Film Review

Young @ Heart

Courtesy of Fox Searchlight Pictures
Courtesy of Fox Searchlight Pictures
Film about a seniors' choir gives new meaning to old, familiar songs

By Patricia Clarke


Young@Heart
Directed by Stephen Walker
(Fox Searchlight Pictures)


Take two dozen seniors, white hair or no hair, stiff knees, canes and oxygen tanks. Put them in a choir called Young@Heart. And when they start to sing, discover you’re never too old, and it’s never too late, to rock ’n’ roll.

This seniors’ choir doesn’t sing Down by the Old Mill Stream. It belts out rock and punk classics by groups that most octogenarians have never heard of: Coldplay, Sonic Youth, the Rolling Stones (those other geriatrics), the Flaming Lips. The result is the most heartwarming celebration of the joy of life you’re likely to see this year.

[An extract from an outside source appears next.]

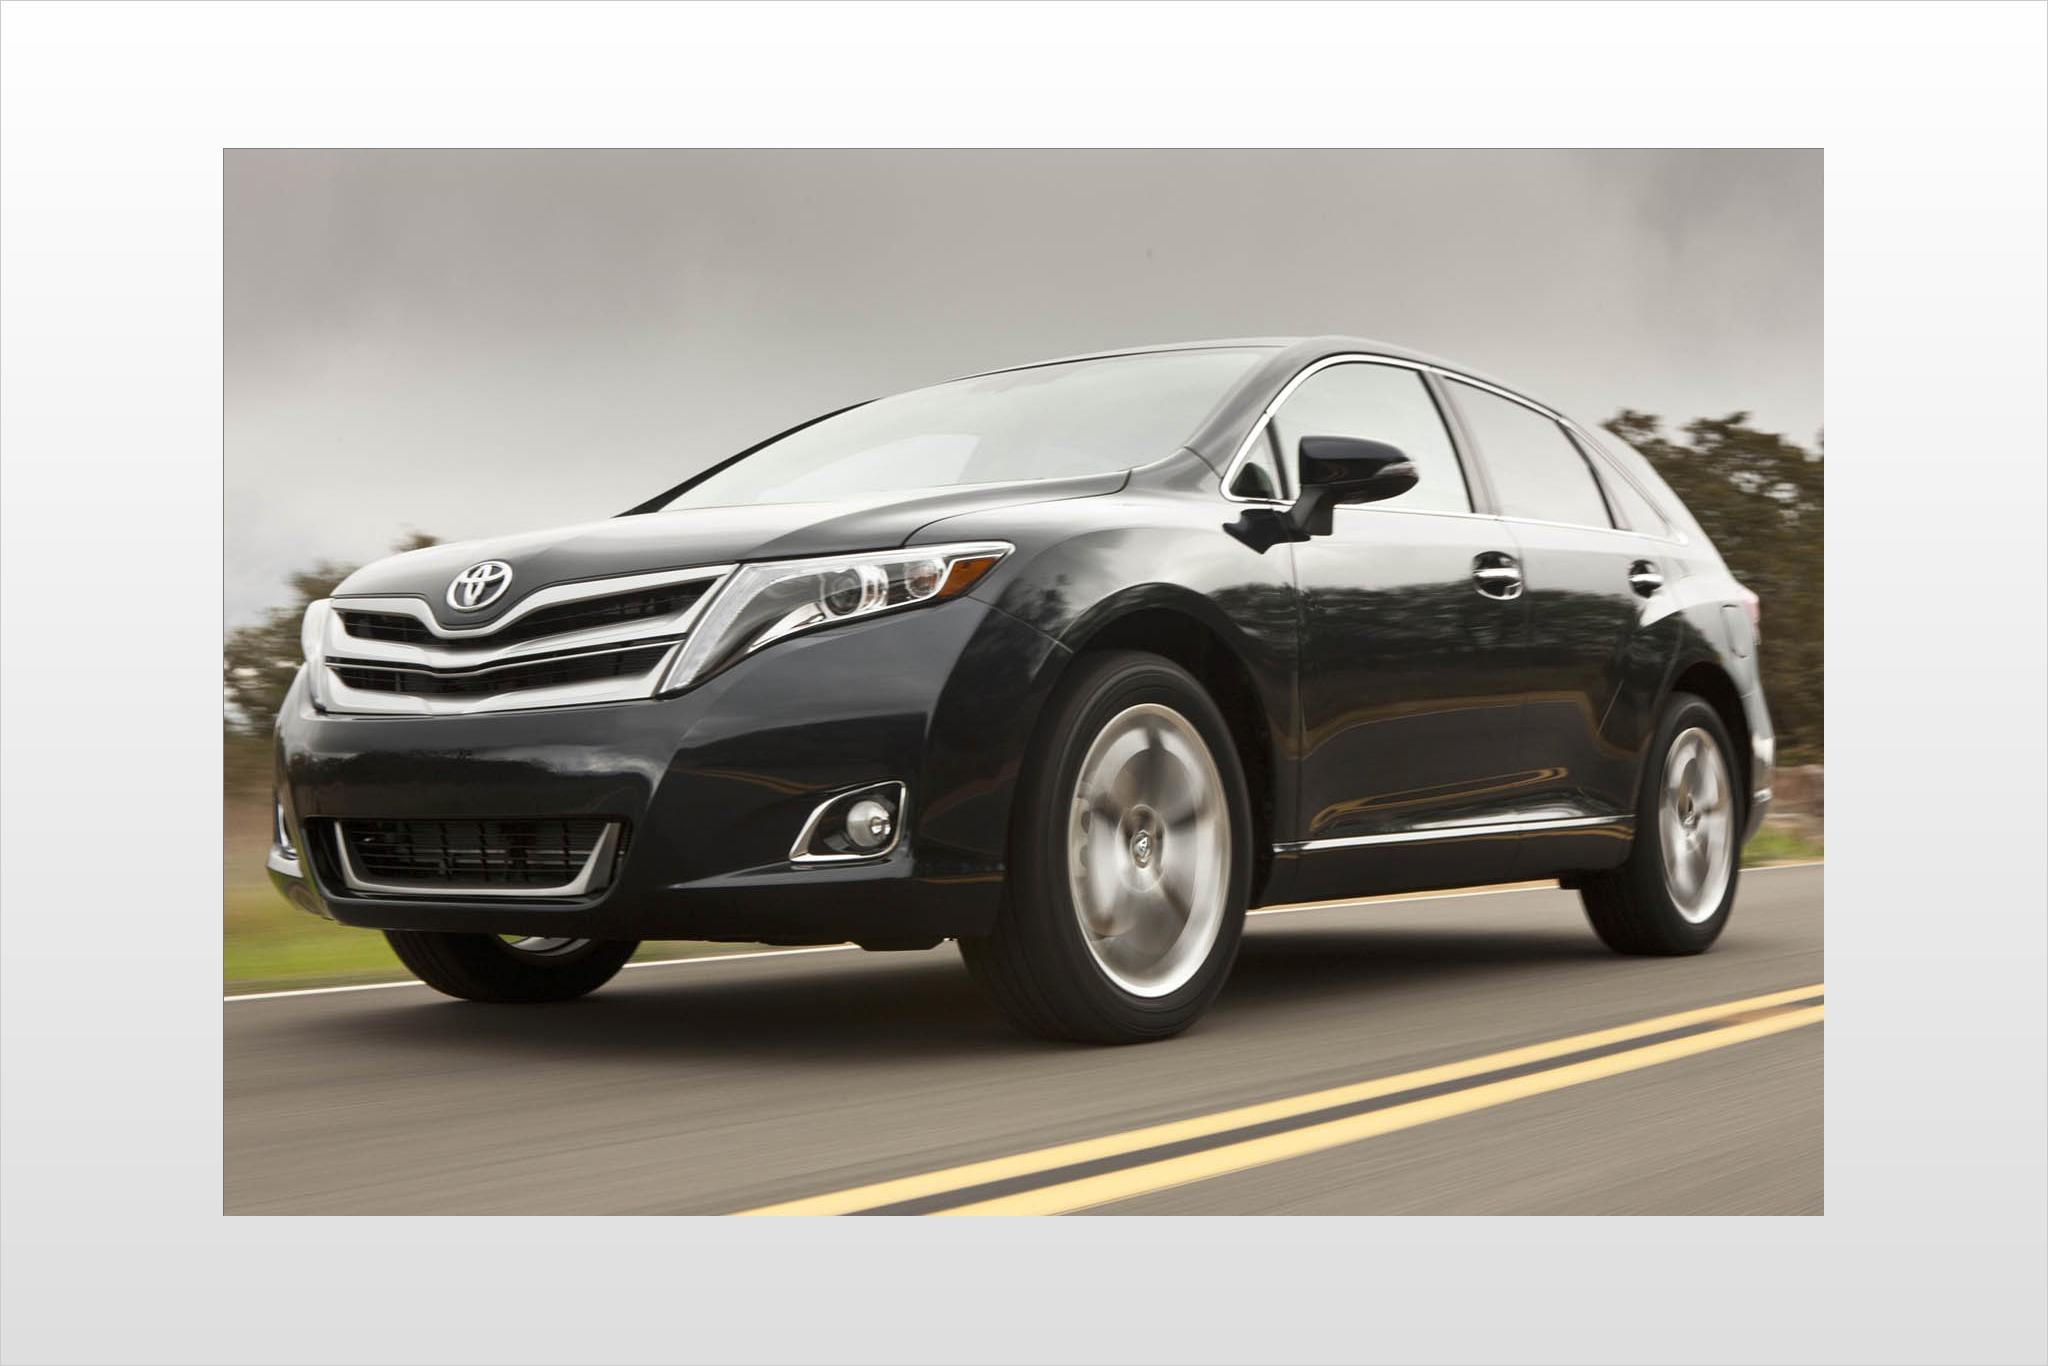 2015 Toyota Venza Specs Prices Vins Recalls Autodetective

In this 110-minute documentary, Stephen Walker, a British filmmaker who saw the Massachusetts group perform in London (“We sang on every continent till I got incontinent,” one member quips), follows them as they prepare for a concert. Their average age is 80, ranging from 73 to 92, but to watch them is to realize that age is just a number. There’s Dora, 83, the one up dancing, and Eileen, a 92-year-old flirt who gave up striptease two years ago, and Stan who has a bad back and Joe who has survived six bouts of chemotherapy.

If it sounds as if the film might be condescending (“Aren’t these old folks cute!”), sometimes Walker leans that way. In fact, the film is most successful when he gets out of the way and lets the singers speak for themselves. Like Joe Benoit, who is 86. “That’s what my life is now: singing. Keep on singing — that’s the key.” Benoit dies during the filming, still singing to the end.

The words of songs that may be familiar have a new meaning when sung by people at the end of their lives. All We Have Is Now, the Flaming Lips song, is heartbreakingly appropriate. Fred Knittle draws tears when he sings Coldplay’s Fix You in tribute to his friend Bob Salvini, who also died during the filming. And the Bee Gees’ Stayin’ Alive becomes a song of survival, crying out a refusal to go gentle into that good night.